Work item: The listing must be copied out in full and exactly; no images go with it.

Data block:

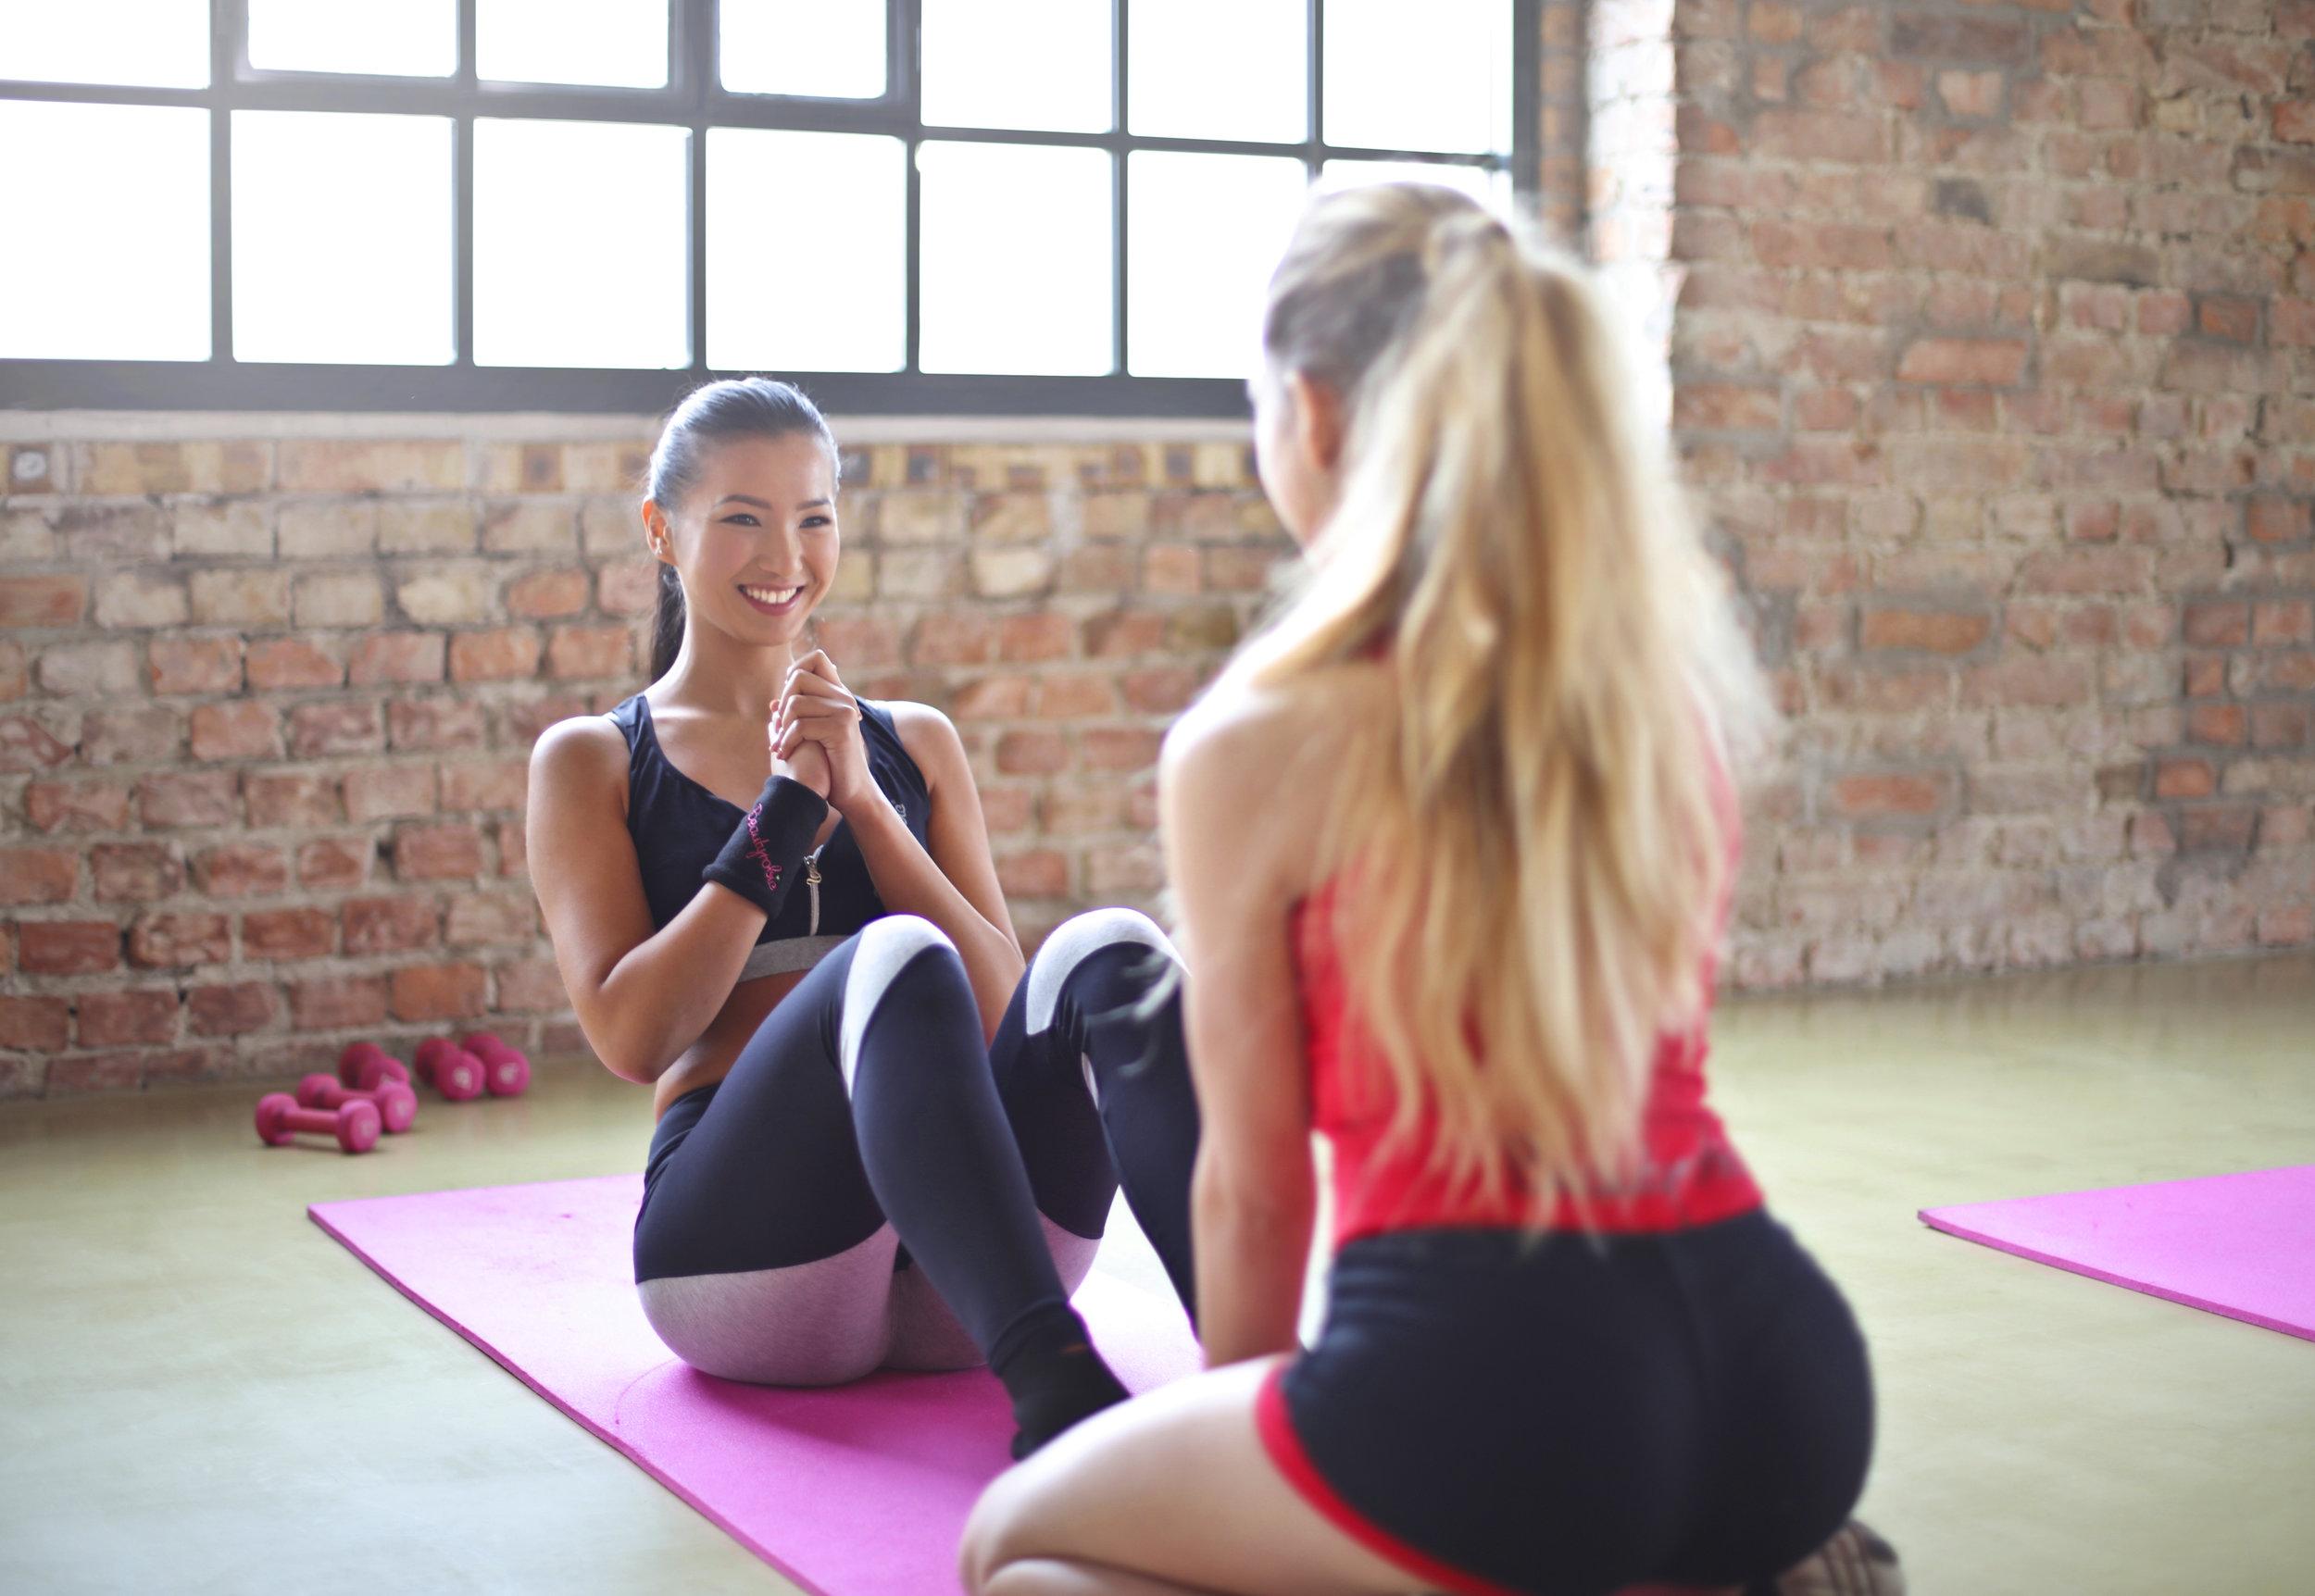 gender fitness travel health wellness
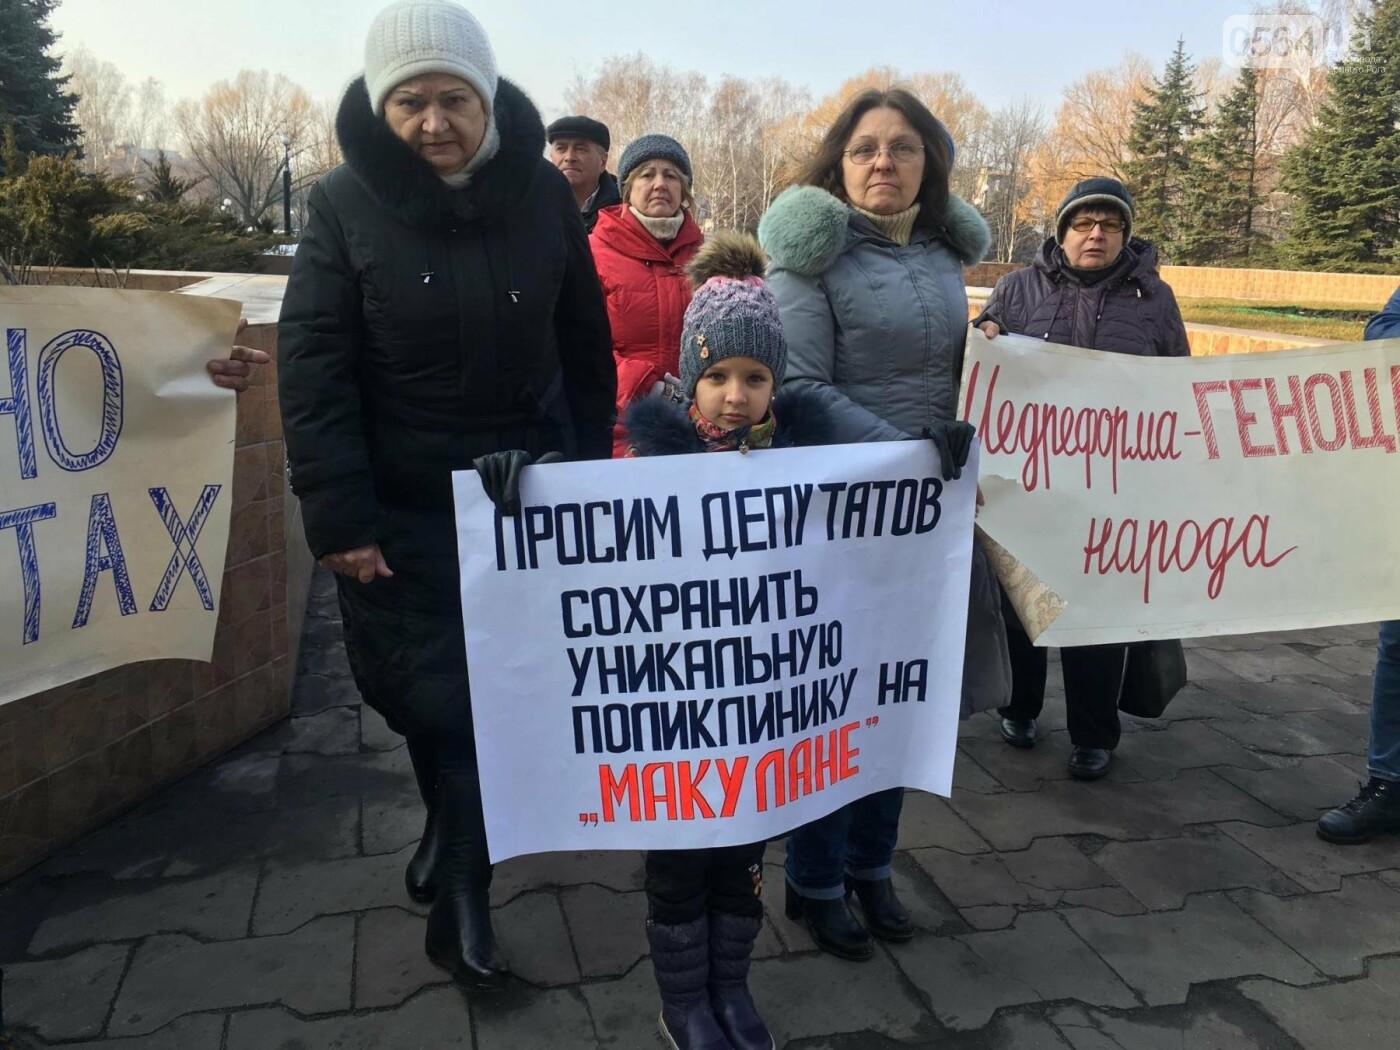 Под стенами Криворожского горисполкома проходит акция протеста медиков (ФОТО), фото-8
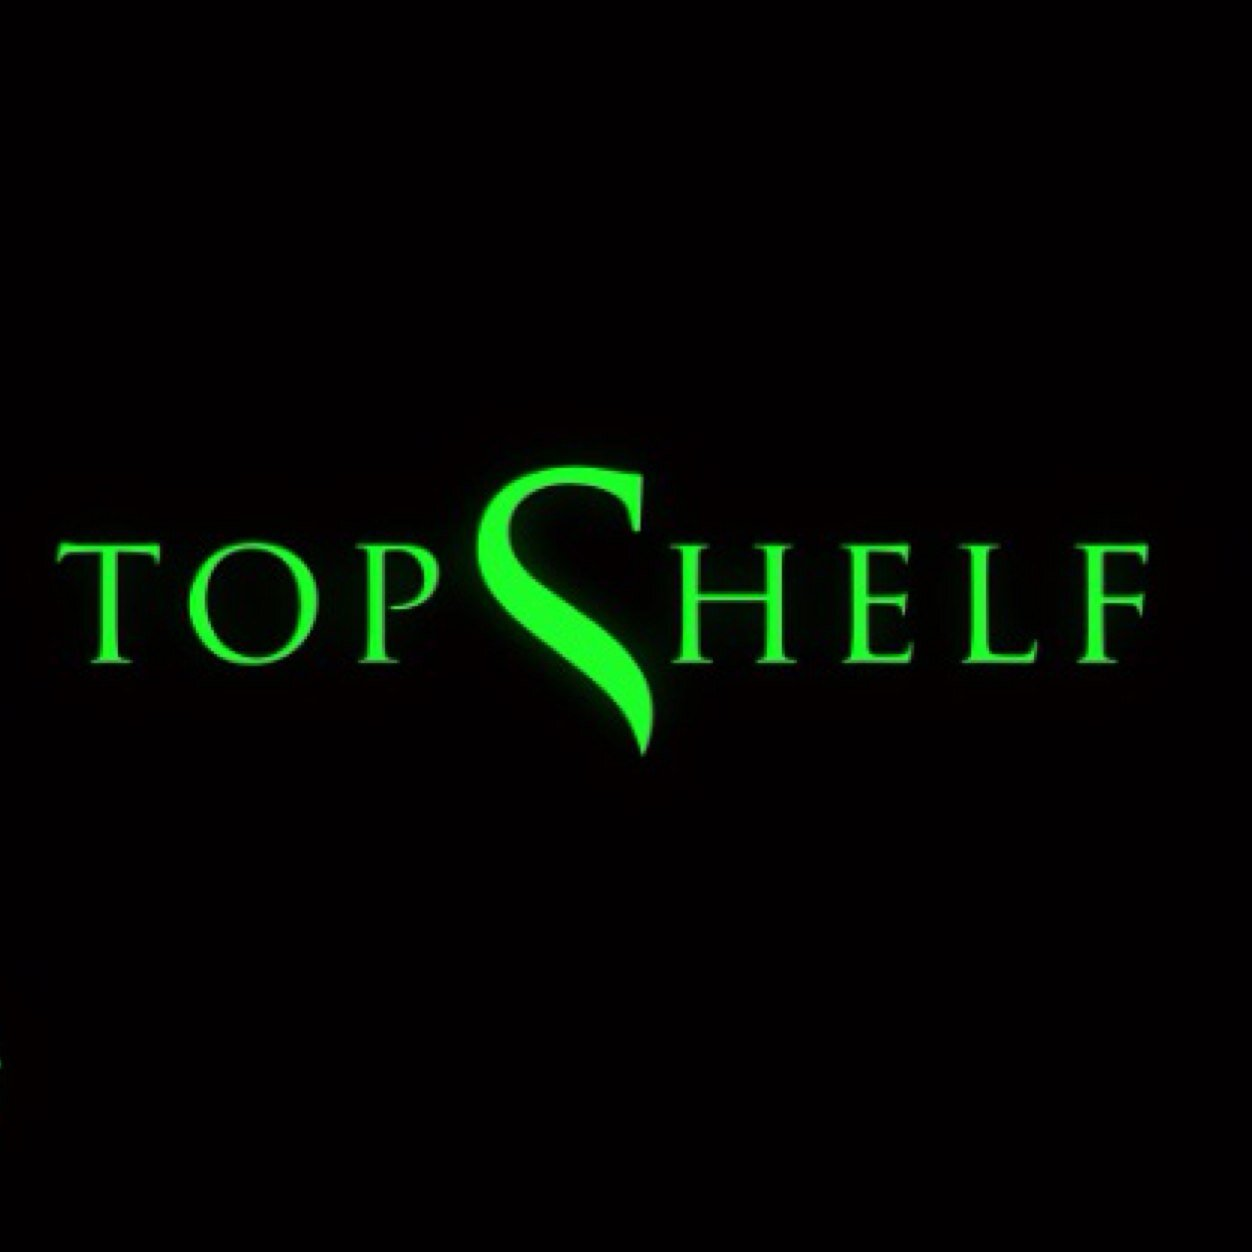 top shelf height
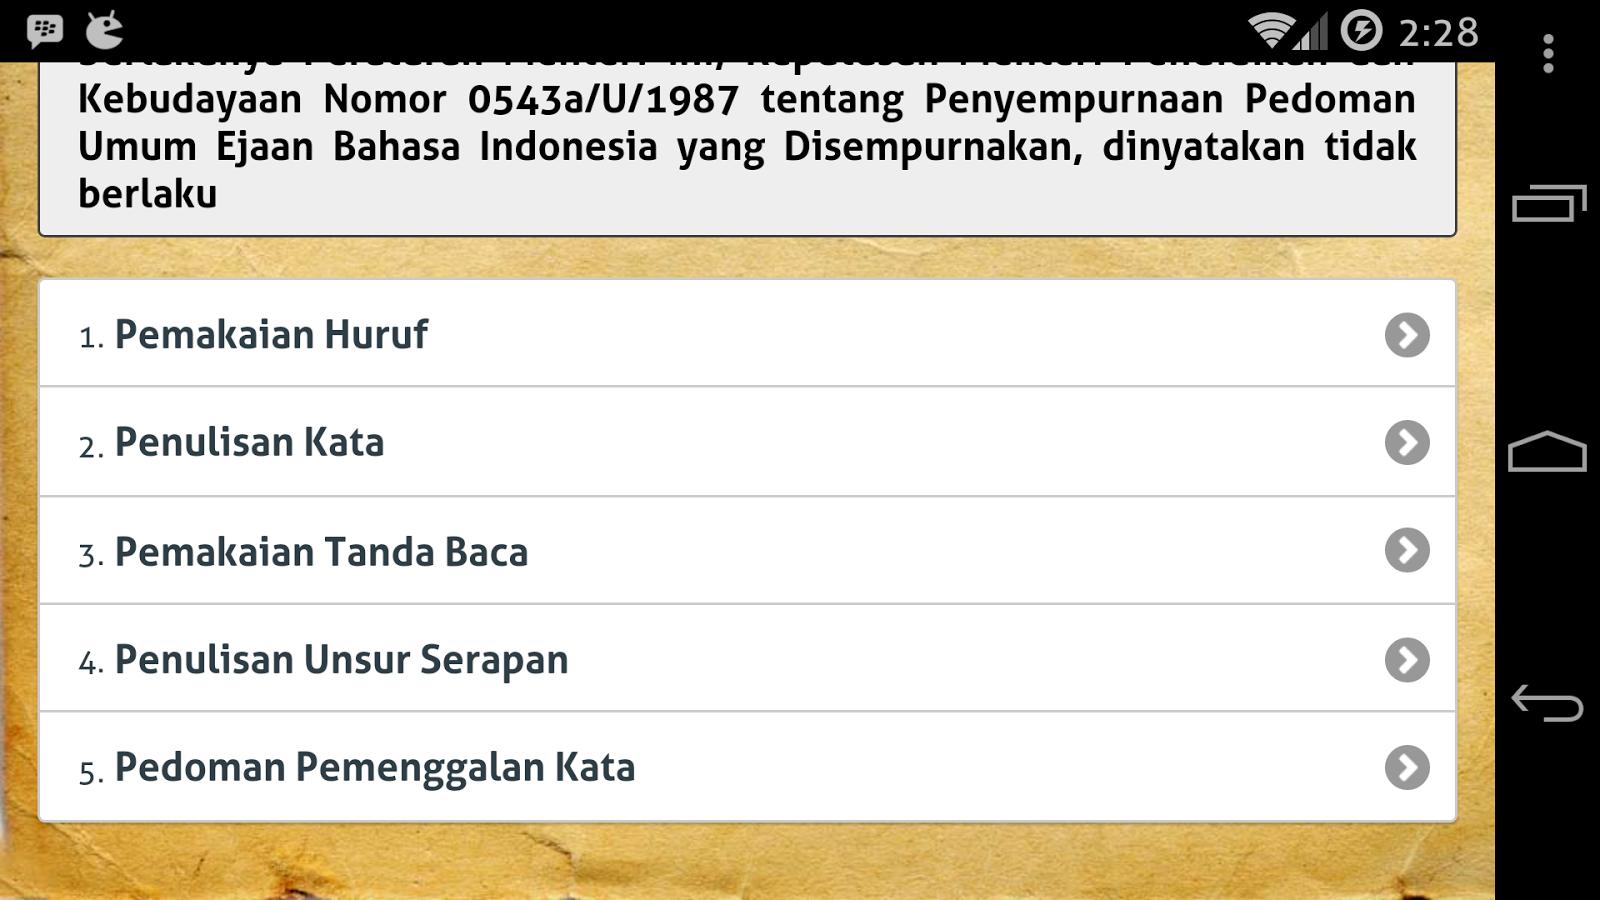 Eyd Dan Tata Bahasa Indonesia

The answer:
 gender fitness travel health wellness
 Под стенами Криворожского горисполкома проходит акция протеста медиков (ФОТО), фото-8
 top shelf height
 Eyd Dan Tata Bahasa Indonesia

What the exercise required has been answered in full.